Он ушел на фронт и четыре года, пока шла война, не знал, где его семья и что с ней. Он знал, что немцы убивают всех евреев подряд, а так как наш город был оккупирован, то, естественно, полагал он, ни жены, ни детей нет в живых. Сказать, что он не горевал, нельзя. Он был мужем и отцом и, вообще, добрым человеком. Но все его существо было встревожено мыслями более широкого масштаба. Он никак не мог допустить, чтоб Советский Союз проиграл войну и погибло дело революции. Так что для тоски по семье не оставалось времени.
Симха Кавалерчик кончил войну в Берлине в звании майора. Он был политическим работником в армии и не околачивался в тылу, а торчал в самых опасных местах, на передовой, и бежал в атаку вместе с пехотой, как рядовой солдат, забывая, что он — майор и ему положено быть поближе к штабу. Я думаю, что его любили солдаты. Невзирая на то, что был не силен в грамоте, а может быть, именно потому, невзирая на сильнейший еврейский акцент и сиплый, неслышный голос, но может быть, именно это вызывало сочувствие к нему, даже сострадание.
Он вернулся в наш город живым и невредимым, в новом офицерском костюме тонкого английского сукна, и на кителе было столько орденов и медалей, что они не умещались на узкой груди и бронзовые кружочки наезжали один на другой. Сразу замечу, что все свои награды он тут же снял и больше их на нем никто не видел. Поступил он так из скромности, и мне он потом говорил, что наградами нечего гордиться и козырять ими. Он остался жив, а другие погибли, и его ордена могут только расстраивать вдов.
Свою семью он застал целехонькой, был немало тому удивлен и, конечно, обрадован. После войны был острый жилищный кризис, и они снова, как до войны, ютились у чужих людей.
Война нисколько не отрезвила моего дядю. Он восстановил из руин мясокомбинат и стал опять заместителем директора. Комбинат выпускал прекрасную, высоких сортов, сухую колбасу, но в магазинах ее никто не видел. Она вся шла на экспорт. И Симха — хозяин всего производства ни разу не принес домой ни одного кружка этой колбасы. Он потом признался мне, что лишь попробовал на вкус, когда был назначен в комиссию по дегустации.

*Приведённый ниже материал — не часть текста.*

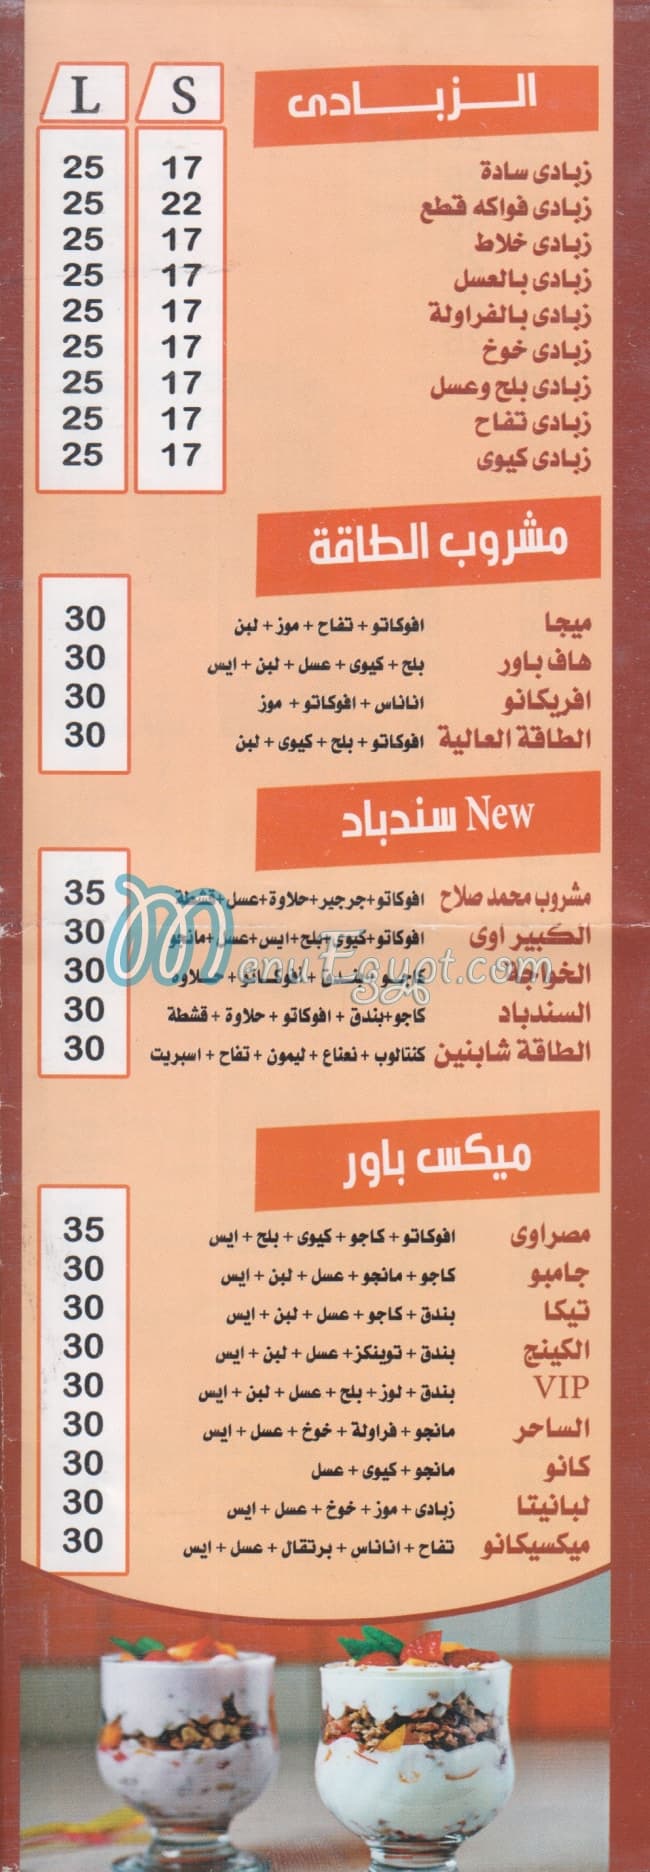 freshat sindbad menu Egypt 1

А жизнь в городе понемногу приходила в норму. Люди строились, покупали мебель и хватали все, что попадало под руку. Одними идеями мог быть сыт только мой дядя Симха Кавалерчик.
На мясокомбинате воровали все. Рабочие уносили за пазухой, в штанах, под шапкой круги колбасы, куски мяса, потроха. Вооруженная охрана, выставленная у проходных, обыскивала каждого, кто выходил из комбината. Воров, а были эти воры вдовами и инвалидами войны, ловили, судили, отправляли в Сибирь. Ничего не помогало. Мясо и колбаса продолжали исчезать. Потом открылось, что и сама охрана ворует.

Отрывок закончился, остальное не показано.